In five countries across Africa, where an estimated quarter of a billion people are expected to catch the virus over the next year, volunteers have been distributing thousands of locally-made masks through a venture supported entirely by crowdfunding.
Set up by humanitarian aid worker Emilie Serralta, who has worked in Africa for the past 20 years, since April the project has produced and distributed for free more than 7,000 masks in Benin, the Democratic Republic of the Congo, Kenya, Nigeria and Senegal. Another 3,000 are currently planned.
African Masks, as they are dubbed, rely on networks of local tailors and volunteers working to an approved pattern. Each mask has two layers of bright African textiles and a pocket for a disposable filter. In Kenya, the masks are made by fashion house Tenge Vuli; in Nigeria, Senegal and the DRC by local tailors.
Serralta had a number of contacts to call on when trying to find local partners for the venture, she says, from women’s groups to human rights defenders.

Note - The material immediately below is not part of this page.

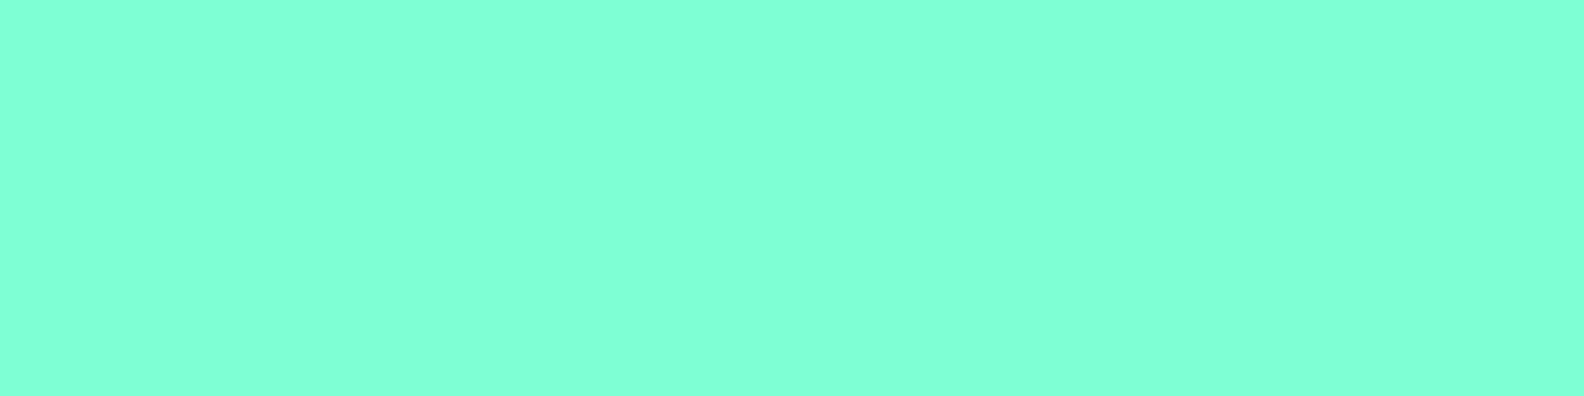 1584x396 Aquamarine Solid Color Background
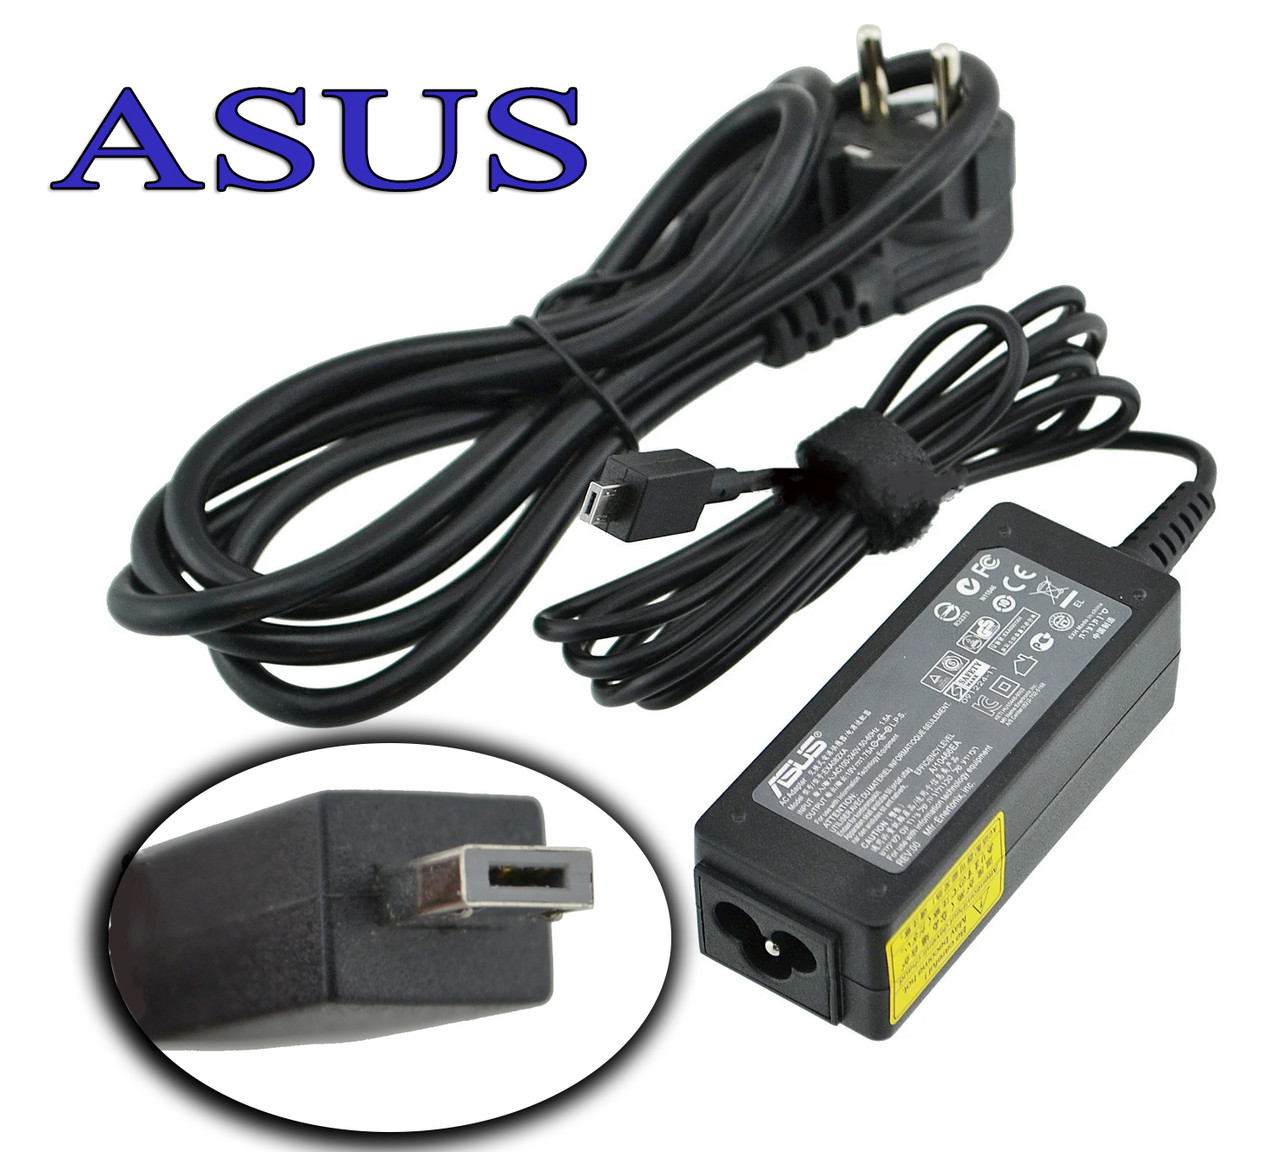 Зарядний пристрій Asus 19V 1.75A 33W X205T M-plug прямокутний, для ноутбука, зарядка, зарядне

The venture has contributed to the local economies at a time of major upheaval. “The tailors have been very grateful for the work because at the moment with the lockdown it’s really challenging,” says Serralta.
“In Kenya, the project has helped employ people for nearly a month when otherwise they’d have had very little or no work. For anyone who’s been in one of Africa’s big cities or even the informal settlements, the social distancing is a big challenge. Making masks was an attempt to protect people and their communities.”
Distribution has been left entirely up to the local partners, says Serralta, who chose the recipients on a needs basis. In Kenya, the masks were given to stallholders at a market which had seen two cases; in the DRC, volunteers handed out masks to minibus and taxi drivers.
“This really is a project of international solidarity,” she says.
“The initiative in terms of fundraising came from me, but the initiative to do something about Covid came from all the people on the ground. They didn’t wait for the government to act, they stepped in and stepped up right from the start. The masks were just an add-on to some programmes they already had in place, such as food distribution or help for vulnerable women.”
In India, where the northeast border meets Myanmar, an organisation training women from the marginalised Chandel district in weaving and tailoring has moved to masks instead of the usual export-ready shawls, sarongs and table runners.
The Weaker Sections Development Council employs about 20 weavers and 15 tailors. Using organic cotton fibres naturally dyed with turmeric at the WSDC centre and then delivered to the weavers’ homes, the threads are woven into masks on looms.
Sold locally for 50 rupees (50p) and more widely for 100 rupees, WSDC’s Angdawnsaang Khaling says the pandemic has not yet reached Chandel, but has affected the nearest city, Imphal, 50km (31 miles) away.
“From an outsider’s perspective, 50km may seem very close, but considering it’s lockdown, we feel safe,” he said. “There are no masks provided by authorities to the public, but people are informed. So far we have made 2,000 masks and the central government [in Delhi] is interested and has asked us to send over samples [for a large tender].
“There aren’t many other [organisations] making organic masks with eco-friendly dyes, so fingers crossed the tender goes through. It would be amazing for the weavers.”